At about 10 o'clock the Confederate artillery opened on us in double force, our line of cannon returned their fire, and for many hours the thunder of battle artillery continued to shake the hills around Gettysburg. I have been in many battles, but have never heard such continuous peals from cannoneering. The Confederate shells landed among us, burst over us, and their broken fragments seemed to surround us. Never did men take quietly such shelling as did our Union lines of battle. Our boys were wounded and killed, but never a murmur, except to desire to go forward.
Our cannon suddenly ceased firing, but the Johnnies flew a few more shells in our lines to complete, as they supposed, our annihilation. I stood up on a large rock to view the next move. It was cleared land in our front and to the right as far as I could see. I did not wait long before I saw a large body of Confederates come up over the rising ground, and then another large body followed; still in their right-rear another large body. They appeared to be moving in echelon. I said: "Boys, General Lee is going to charge us with his whole army." On the Johnnies came in splendid lines.
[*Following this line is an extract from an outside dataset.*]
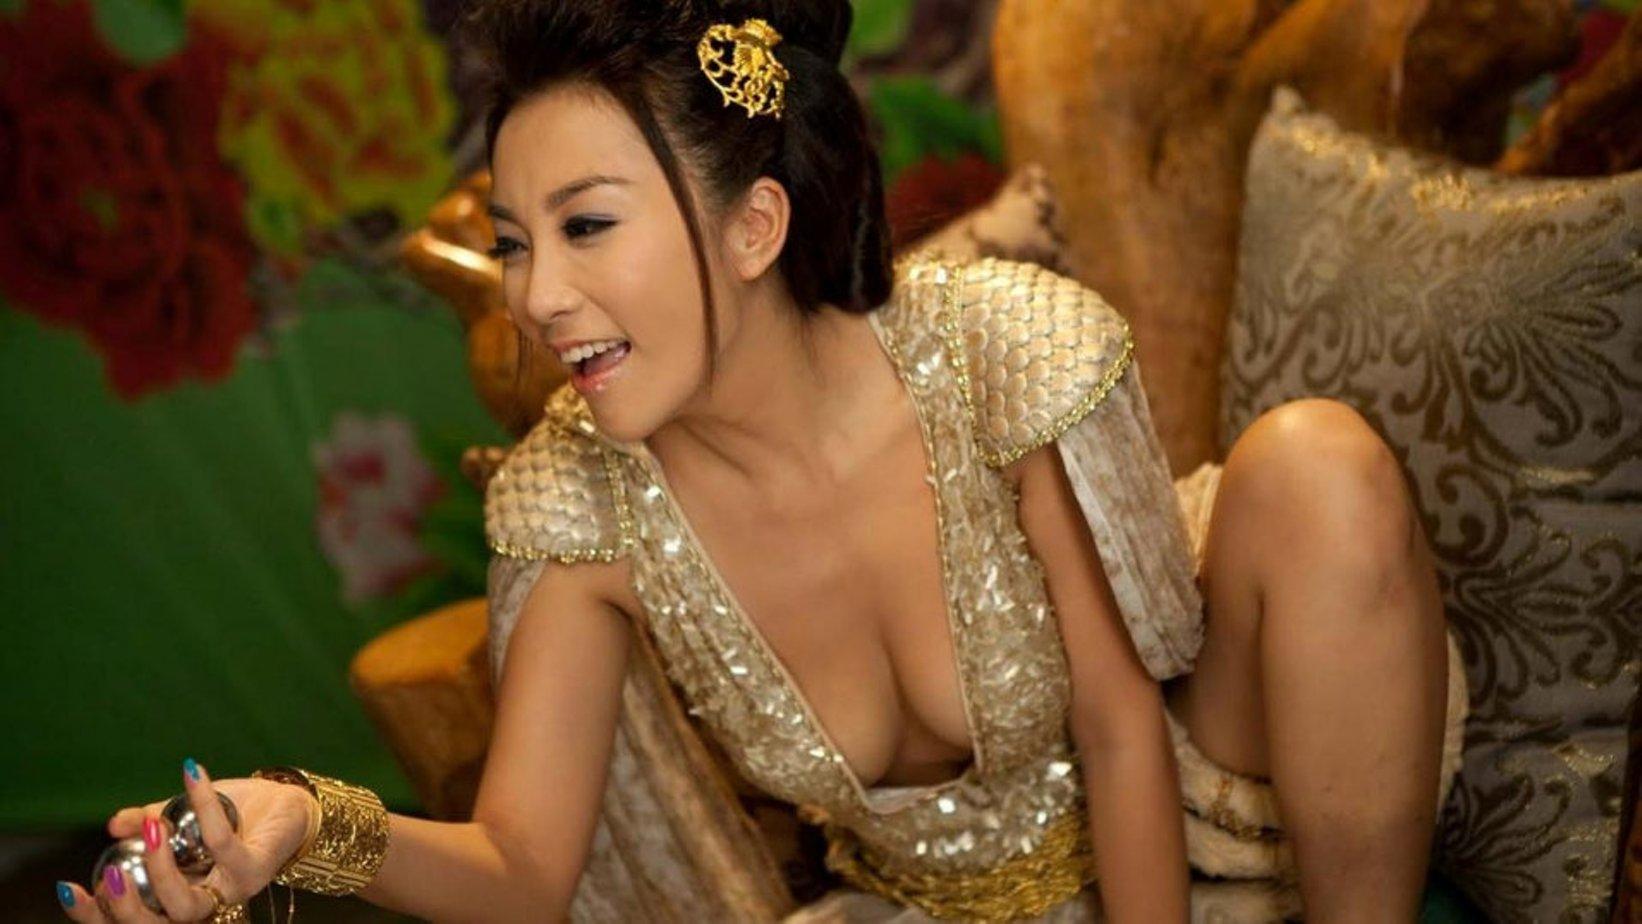 Тайский эротический массаж для мужчин Видео смотреть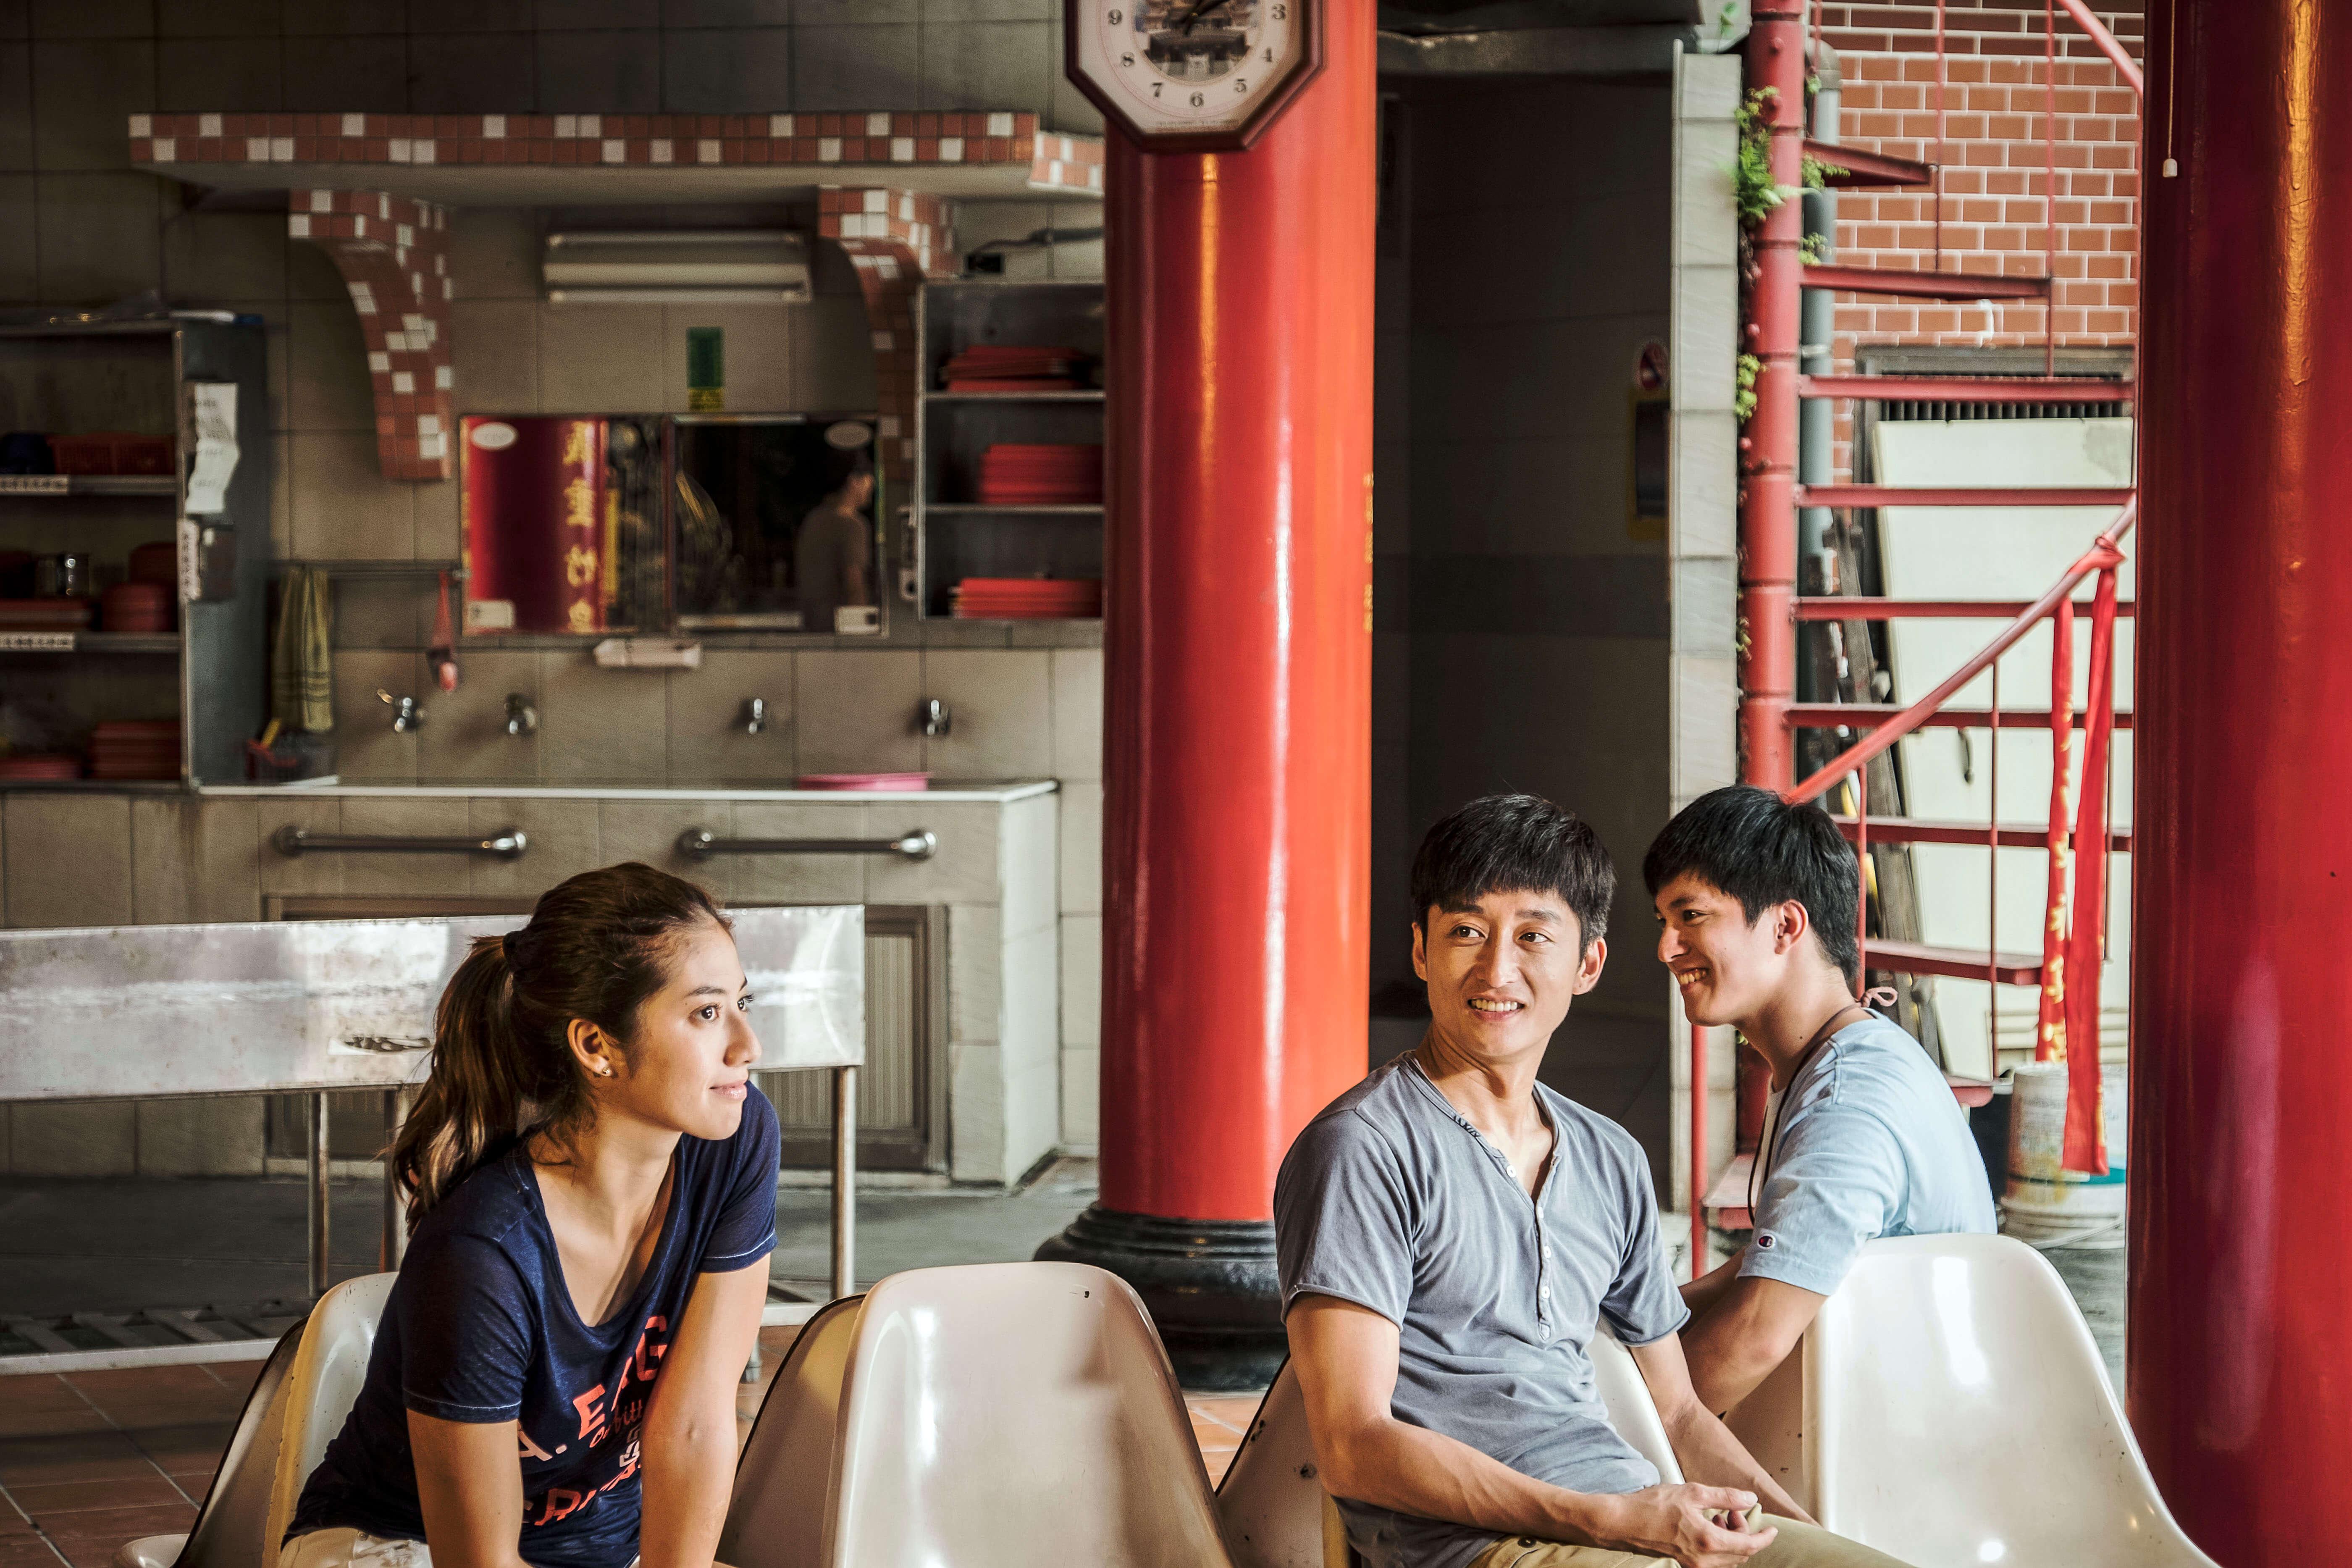 《強尼.凱克》主打健康純愛風  瑞瑪席丹、柯宇綸大談純愛,呈現台北人生活寫照首圖

It was a beautiful sight. I thought it was for the movement a manoeuver for Fourth of July parade. Our two lines of battle in front of us were fully prepared to receive the visitors, and we were prepared with our bayonets fixed to assist them. Not a shot had been fired from our side since the new movement began.
The enemy moved on a double-quick with a cheer. Now they were in good range for grape, shrapnel and canister, and our reserved artillery opened on them, sweeping whole ranks into eternity. The men in our front also began their deadly fire, and before those noble and brave men got within call of our lines three-fourths were dying or dead. As a friendly breeze raised the smoke of battle, the field in our front showed the dreadful accuracy of our fire.General Meade came riding down the lines with his staff, and the rank and file greeted him with three cheers. We all knew General Lee would not advance further to battle, but what the next move would be on this 3rd of July, 1863, we could not conceive. Our lines remained the same during the night, and the 4th of July we buried many of the dead. General Lee began moving for home the night of the 3rd, after the disastrous defeat of his charging columns.